= Mummy of Djed-Amunet-ius-ankh =

Ancient Egyptian mummy

The mummy of Djed-Amunet-ius-Ankh is a mummy from ancient Egypt of a woman named Djed-Amunet-ius-Ankh, who died at the age of between 19 and 20. It dates back to the reign of the 22nd/23rd Dynasty of Egypt, around 2,800 years ago. It is currently on permanent display at the Racibórz Museum on 1 Gimnazjalna Street. The mummy has been the subject of numerous scientific studies and publications, including those by German Egyptologist Karl Richard Lepsius.

== Origins ==
Djed-Amunet-ius-Ankh came from a wealthy family. She was likely born in Memphis around 800 BCE. Her father, Anch-Chonsu, held an unspecified position in Thebes. Her parents named her before her birth. While waiting for her arrival, they visited the oracle of the goddess Amunet. The oracle responded: "She will live". This is the origin of her name – Djed-Amunet-ius-Ankh – which literally means "Amunet says she will live". Very little is known about her life, but it is recorded that after marrying, she received the title of "lady of the estate", which was granted to wealthy married women. It is also known that she became a mother at least twice. She is estimated to have died at the age of between 19 and 20. Her death was likely due to complications during childbirth.

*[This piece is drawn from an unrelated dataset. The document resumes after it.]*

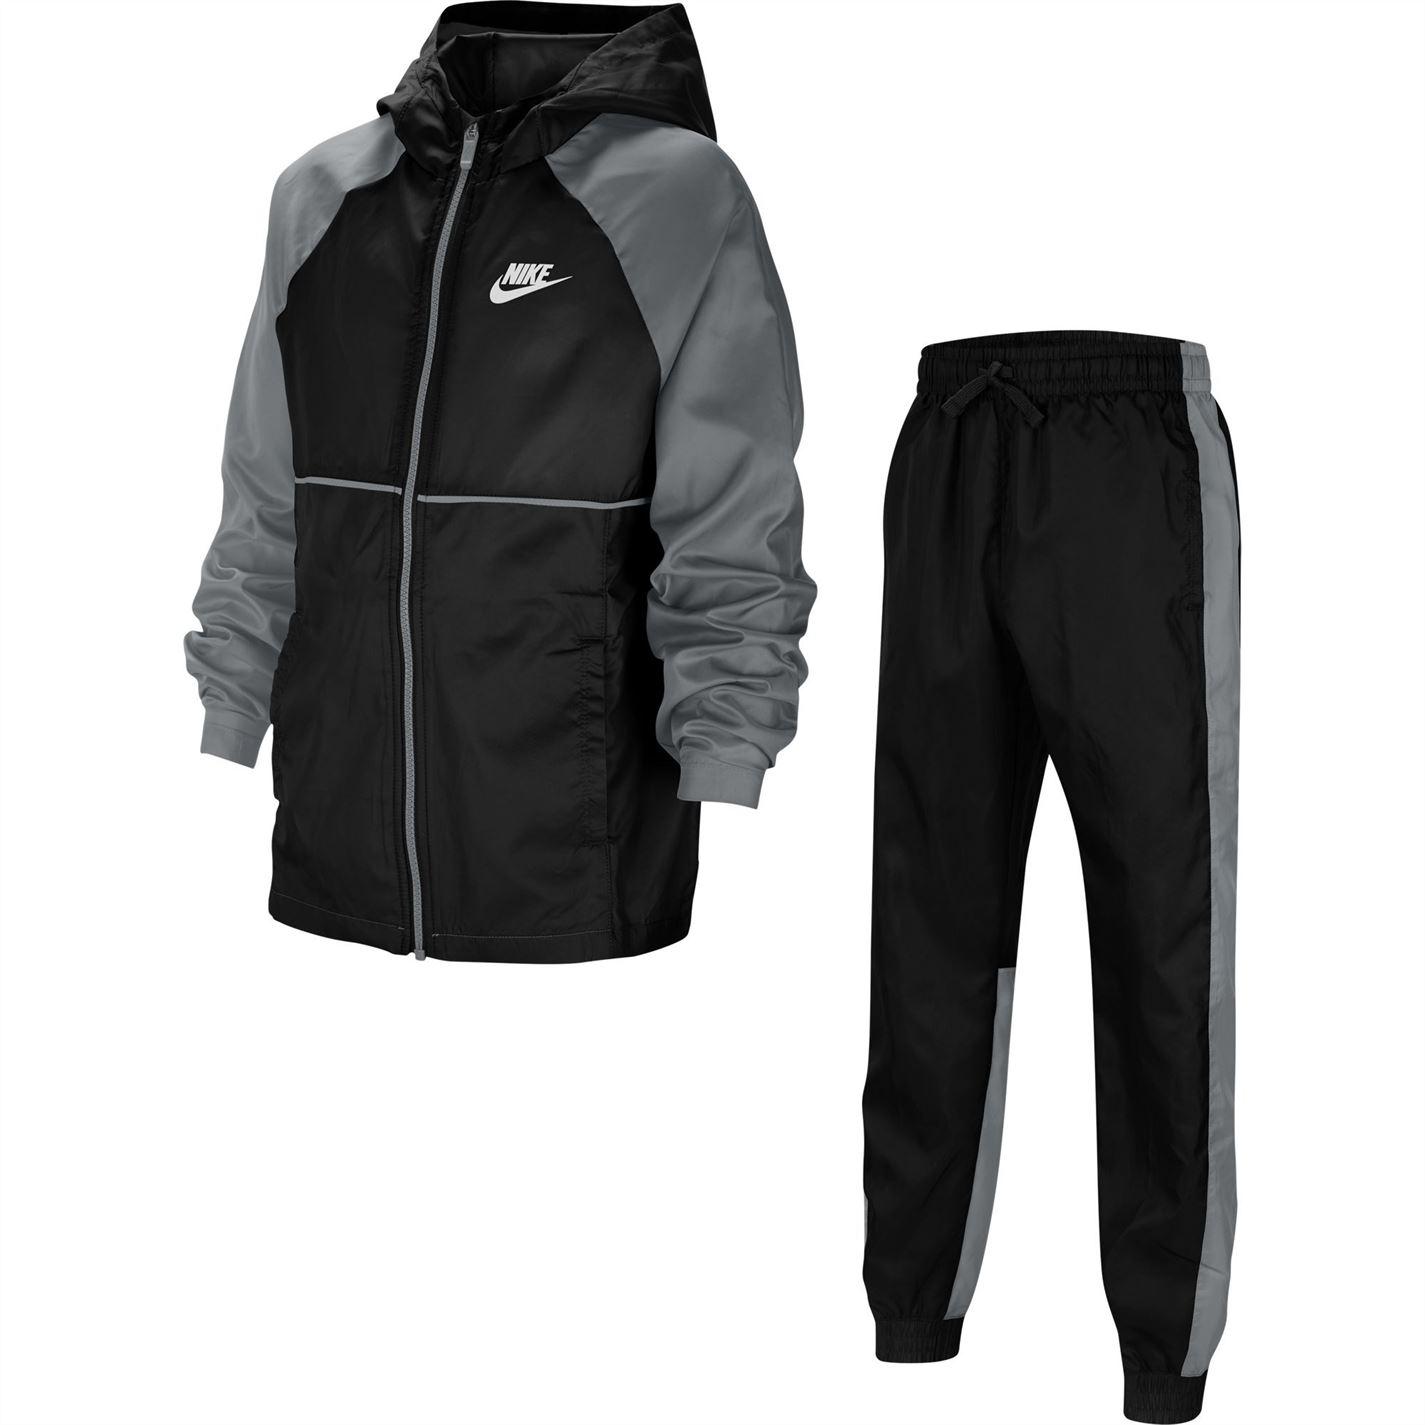 Mergi la Treninguri Nike Sportswear Big Woven pentru Copii negru gri alb

== Mummy and sarcophagi ==
The body of Djed-Amunet-ius-Ankh was embalmed using the method employed for wealthy individuals. The mummification process lasted 70 days. However, before the process began, the body lay in the house for three days to prevent any potential cases of necrophilia. The body was first emptied of its internal organs, and then desiccated using natron. The next step involved stuffing the body with linen soaked in resin. The prepared body was then wrapped in the first layer of bandages and coated with bitumen. Subsequently, the mummy was wrapped in additional layers of bandages, with amulets added to help the deceased gain protection from the gods.

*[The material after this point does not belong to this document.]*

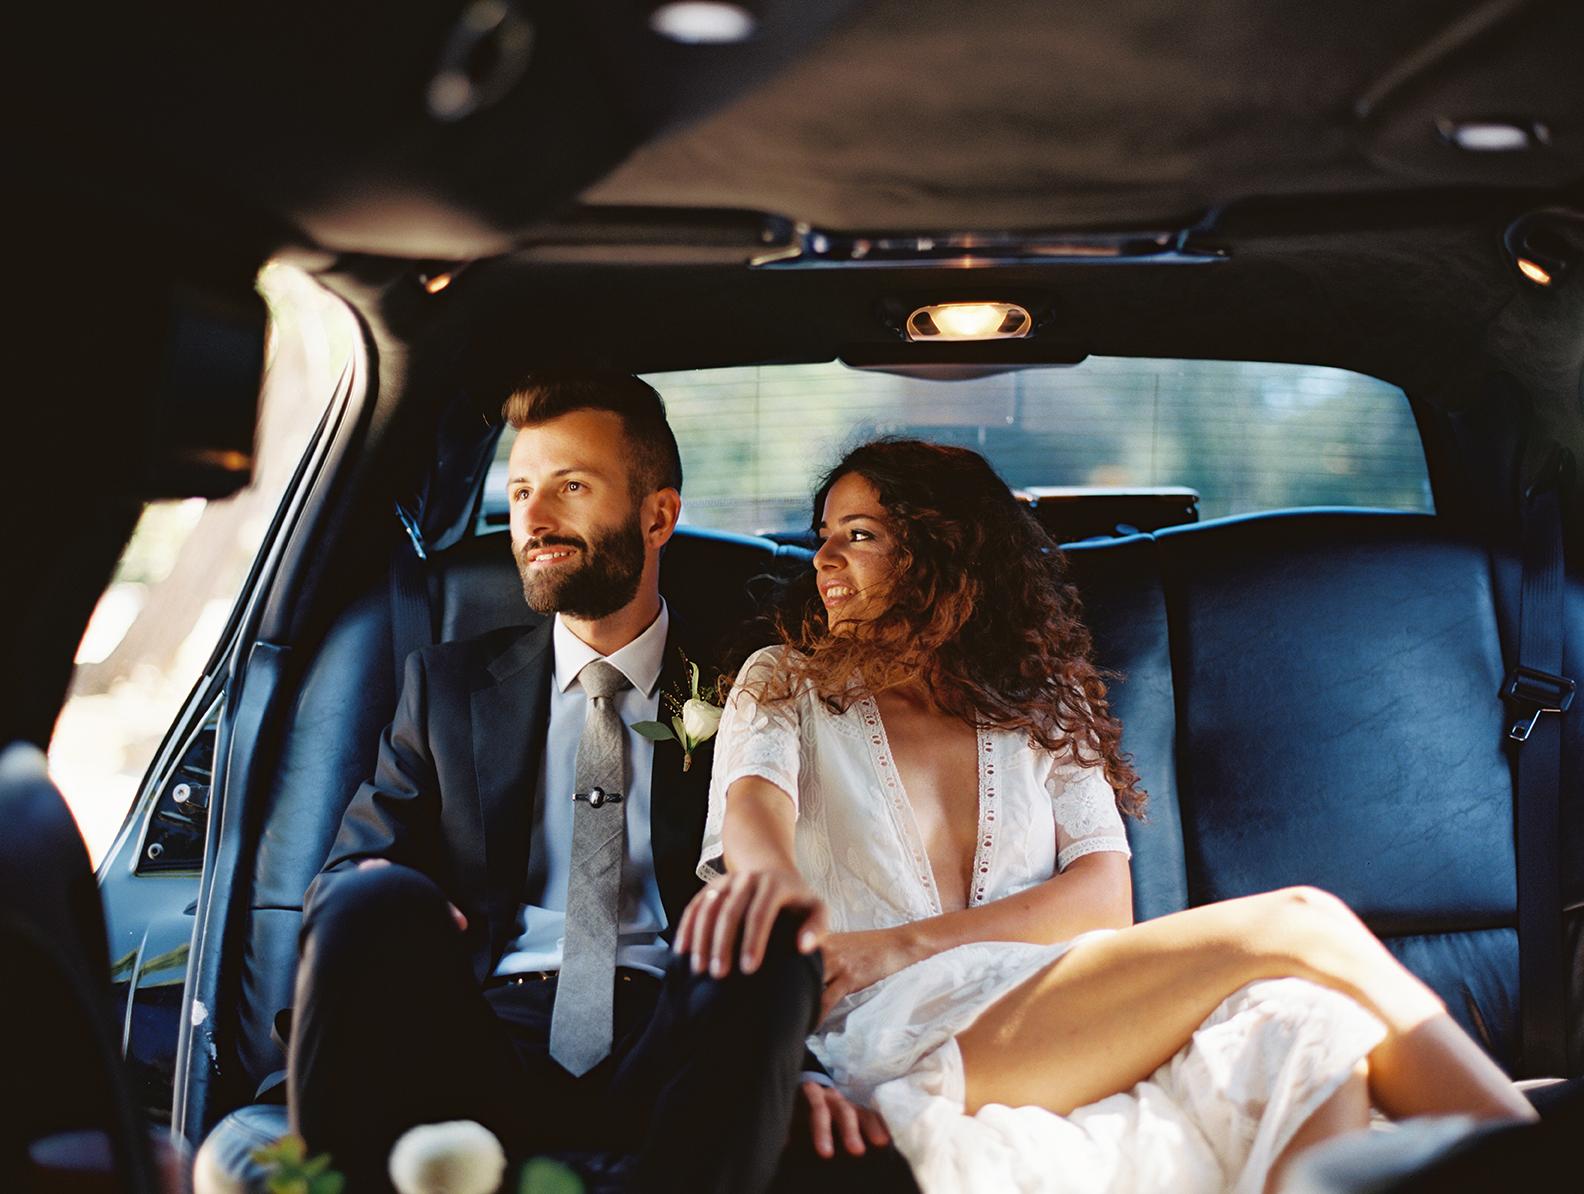 083-brian-sarra-los-angeles-wedding-brumley-wells-photography.jpg

The bandaged body was placed in a cartonnage made of linen and plaster, which was decorated with rich iconography. The head was modeled and surrounded by a wig and a crown. From beneath it, bird legs emerged, holding symbols of resurrection in their claws. Around the neck was a decorative necklace. At the center, the god Amun appeared as a ram-headed bird. From his tail emerged two attacking cobras, guarding a figure of Osiris, depicted twice in the form of a mummy. Behind each Osiris figure, two silhouettes were painted – on one side, a human figure (representing Imset) and a monkey-headed human (Hapi), and on the other, two human figures with the heads of a falcon (Duamutef) and a jackal (Qebehsenuef). These four figures represented the sons of Horus. Below these figures, the bird Re-Horakhty was also depicted. Additionally, the cartonnage featured the goddesses Isis and Nephthys, as well as the gods Horus (twice, in the form of a falcon) and Anubis (twice, as a jackal watching over the deceased). All these deities shown on the cartonnage were meant to protect the deceased.

The cartonnage containing the mummy was placed inside two wooden sarcophagi. Their decoration was much simpler than that of the cartonnage. Both had modeled heads surrounded by a wig, a necklace, and a belt of inscriptions, known as an offering formula. The inner sarcophagus had a painted pectoral near the neck, with the goddess Nut depicted at its bottom. The outer sarcophagus was not decorated with any paintings.

After being embalmed and placed in the cartonnage and two sarcophagi, the body was buried following a ceremonial procession in the chamber tomb. Alongside the deceased, everyday objects and four canopic jars with lids shaped like the heads of the sons of Horus were placed in the tomb. The woman's internal organs were not placed in the canopic jars but instead wrapped around figurines representing the sons of Horus and reinserted into the body. This change in practice during mummification took place during the reign of the 21st Dynasty – prior to this, internal organs were typically placed in canopic jars. This practice continued until the rise of Taharqa of the 25th Dynasty, who returned to the old practices.

== History ==
After the mummification, the sarcophagus and the woman's body remained untouched in the tomb for almost three thousand years. In the mid-19th century, during the period of "mummy mania", it was removed from the tomb and sold. Before being sold, the mummy was not taken out of the cartonnage, nor were the bandages unwound, which increased its value. The purchaser was Baron Anselm von Rothschild, who was traveling through Egypt at the time and owned estates near Racibórz. The mummy was unwrapped in one of his palaces in Šilheřovice. In the 1860/1861 school year, he donated it to the Royal Evangelical Gymnasium in Racibórz, which had its own museum. As is often stated, the baron bought the mummy as a wedding gift for his future wife, but she did not accept the gift, so the aristocrat gave it to the local gymnasium. However, the truth of this story is uncertain.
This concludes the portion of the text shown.